The tension at end A will equal the force F1. The ability of the body at end A to exert a force on the rope may be limited by the body's own inertia - as in my one person tug of war example above. If the force F2 is increased it may allow F1 to increase as well, so whether F2 affects the tension at end A depends on what you mean by that.

basically what i meant is that if A exerts a force F1 and B is not able to exert the same force F1...so naturally B will accelerate towards A...so how is Newton's third law satisfied here...as B is not able to exert the same force(F1)...what my basic confusion is that whether the Newton's 3rd law reaction of B (in response to the force F1 by A ) is same as the force exerted by B(F2)... and if B is experiencing the tension equal to its own applied force(F2)by the adjacent rope segment then why would B accelerate towards A...i might sound confusing but it will be great if you could help me come out of this misconception..thanks in advance...

 

[PeroK]

basically what i meant is that if A exerts a force F1 and B is not able to exert the same force F1...so naturally B will accelerate towards A...

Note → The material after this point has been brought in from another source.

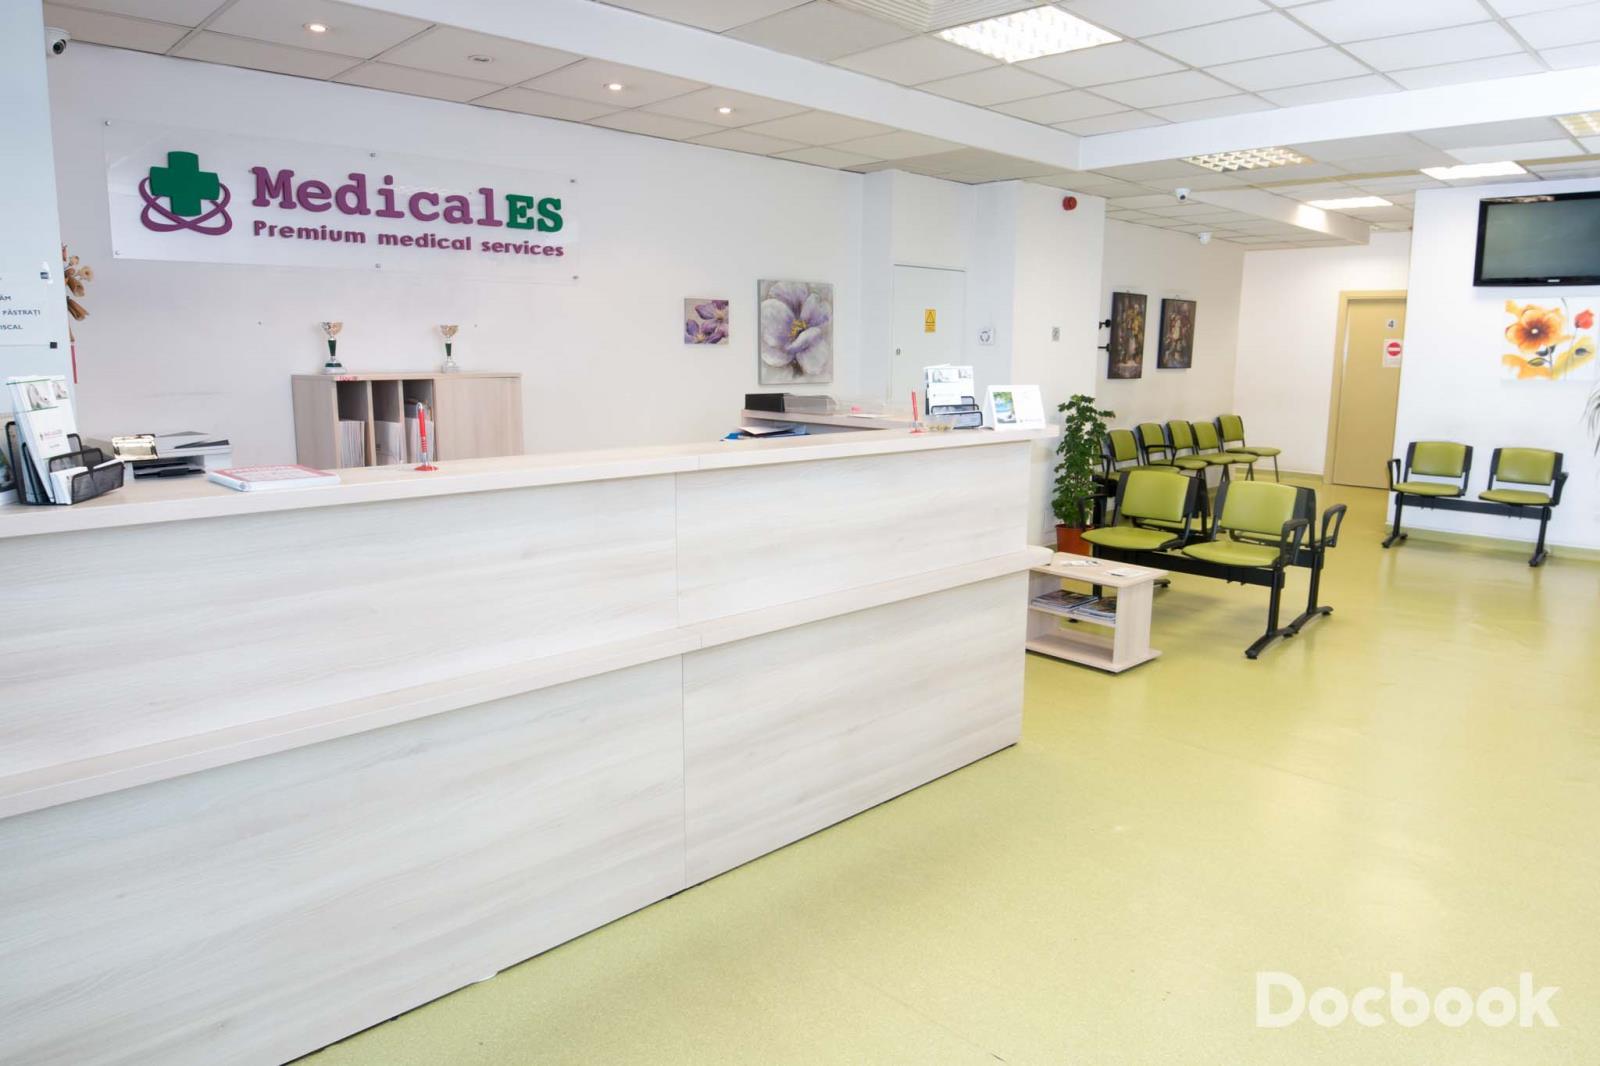 Despre Clinica Medicales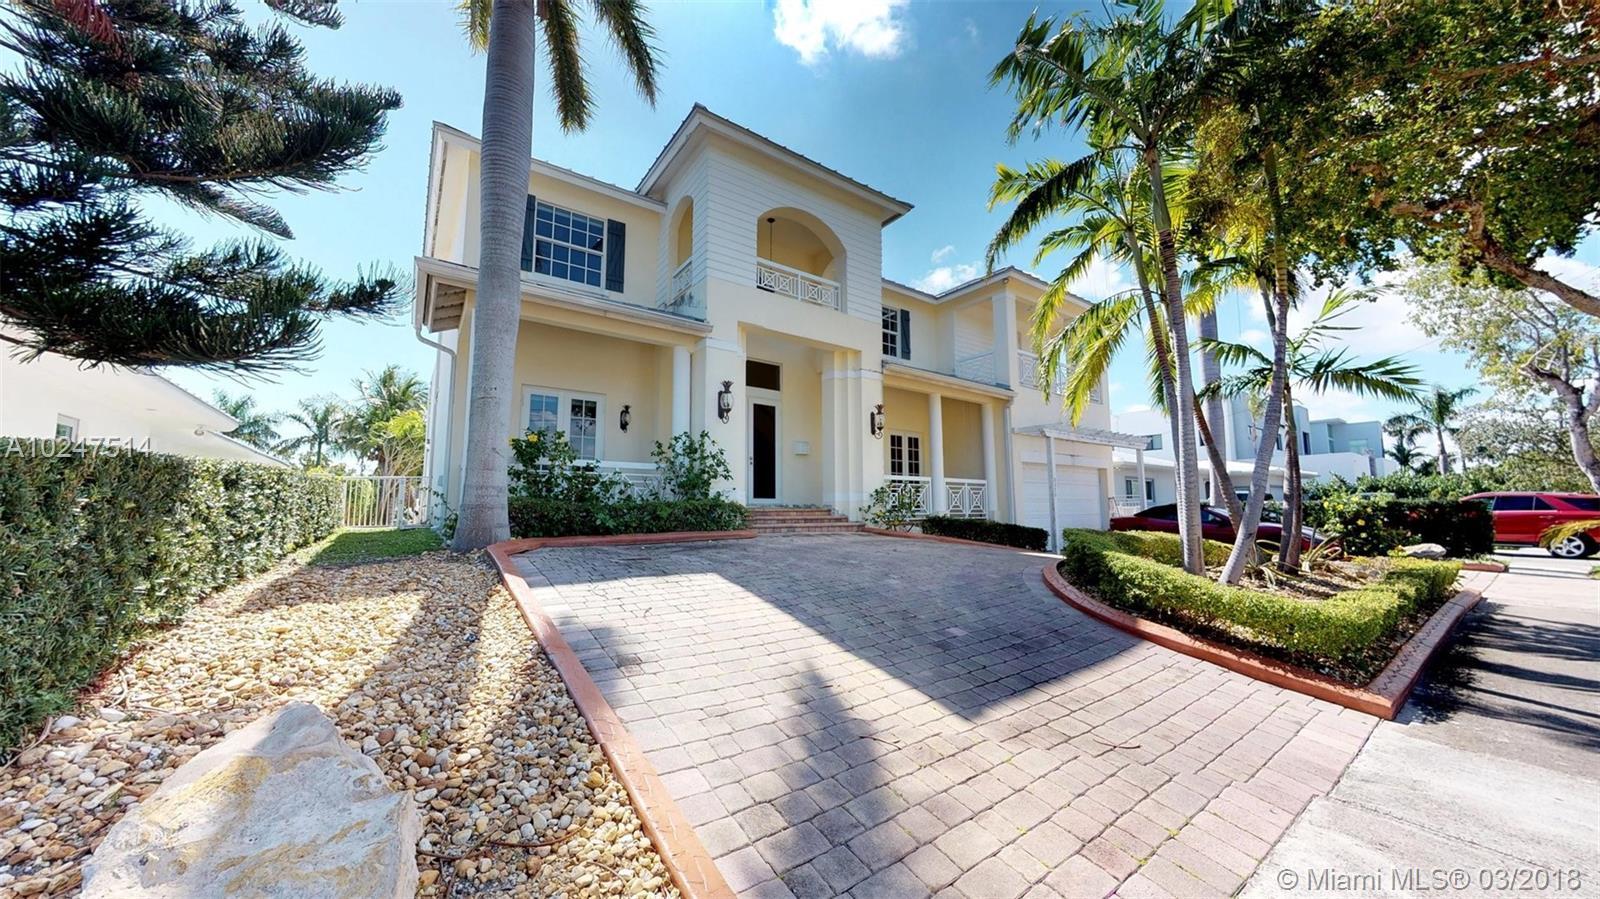 2370 Magnolia Dr, North Miami, FL 33181

That's the same mistake again. By Newton's laws that's not what will happen at all. If you look at a free-body diagram for that:

$A$ is subject to a reaction force of $F_1$ from the rope and will accelerate towards $B$ at an acceleration of $F_1/m_A$.

$B$ will accelerate towards $A$ at $F_2/m_B$.

The rope will accelerate in the direction of $B$ to $A$ at an acceleratation of $(F_1 - F_2)/m$, where $m$ is the mass of the rope.

If $A$ and $B$ are anchored to the ground, then only the rope will accelerate. In this case, the rope must be moving through their hands.

 

[Achintya]

$A$ is subject to a reaction force of $F_1$ from the rope and will accelerate towards $B$ at an acceleration of $F_1/m_A$.

$B$ will accelerate towards $A$ at $F_2/m_B$.

okay, so basically this reaction force appears as the tension respectively at the two ends?

 

[PeroK]

okay, so basically this reaction force appears as the tension respectively at the two ends?

Yes. There's a third law pair of forces at either end of the rope.